Сознание обыкновенно сохраняется до самой смерти, но больные скоро впадают в апатию…
Из посмертных явлений упомянем повышение температуры, которое замечается непосредственно после смерти на трупе и может доходить до 42° и выше. Последующее охлаждение тела может происходить весьма медленно. Далее в течение первых часов после смерти могут появляться подергивания мышц на конечностях, груди и нижней челюсти, как самопроизвольно, так и при механическом раздражении…»
Мы ведь тоже умеем делать выписки…
Почти отовсюду в городе видна звонница самой старой разоренной Троицкой церкви — шатровая, изящная, как стрелка, указующая на небо. Известка с нее смылась, и крест заржавел, но зеленеет на этой колокольне маленькая березка — там, где кончается башня и начинается конусообразный шатер…

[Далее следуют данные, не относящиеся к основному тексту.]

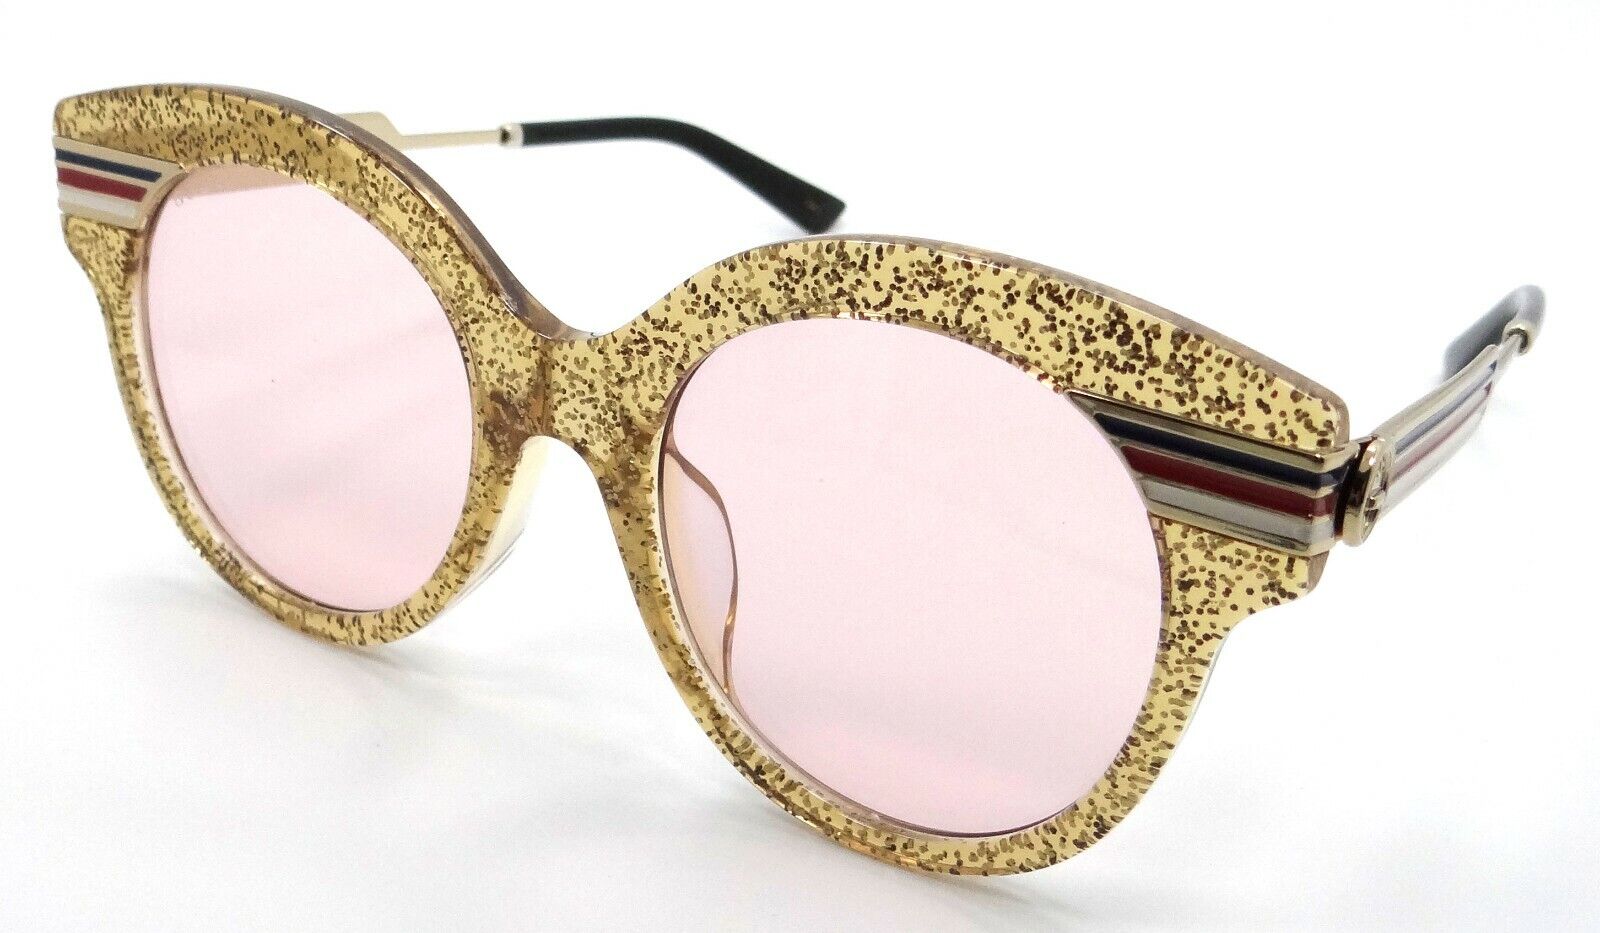 Gucci Sunglasses GG 0282SA 004 52-21-150 Glitter Gold / Pink Asian Fit Italy-889652126579-classypw.com-1

Это она сама себя украсила к своим имянинам, к Троицыну дню, раз люди о ней позабыли…
СТАРИНА
— Это старые-то вещи? Иконы?.. Знаю я, все знаю… Только уж ее, старины-то, сейчас тут не найдешь. Ни у кого не найдешь… А ведь было, все было… Чего только не было… Я ведь сам офеня природный, владимирский… Четырнадцать годов с отцом первый раз ушел в дорогу. В устреку по-нашему-то, по-офенски… Я еще в школе мальчишкой учился. Сдавали мы экзамен в девяносто шестом году, аккурат, когда царь-то на престол всходил… Учительша и говорит до экзамена. «Тебе, — говорит, — Лепешкин, придется еще годок поучиться… Спроси, — говорит, — отца..» Писал я плохо… Так грамматику, это я больно хорошо учился, стихотворение — раз, два прочитаю, и уж все готово, а писал больно плохо… Ну, отец-то и говорит: «Мало как пишет, в писаря, что ли? Читал бы, да и все…» Ну а потом стали экзамен сдавать, нас человек сто пять было, из пяти школ… Вот сто четыре сделали ошибку, а я один написал правильно… Инспектор диктовал, так-то шамкал: «На полке ле-ф-али ча-ф-ки, ло-ф-ки и сковорды…» Все и написали «сковорды…» Один я — «сковороды»… Помню, сдавали тут во Мстере, где школа… Учительница вышла и говорит: «Удивительное дело, говорит, — я на Лепешкина и не надеялась, а он один пятерку получил, а все только четверки…» У нас тут какое хлебопашество, хлеба едва до Рождества хватало… Вот вся округа одни офени и были… И пошли мы с отцом в дорогу первый раз в девяносто седьмом году, пятнадцатого сентября, на лошади… Шли через Шую, Иваново, Ярославль… Какие товары и водой отправили через Нижний на Череповец, а какие с собой…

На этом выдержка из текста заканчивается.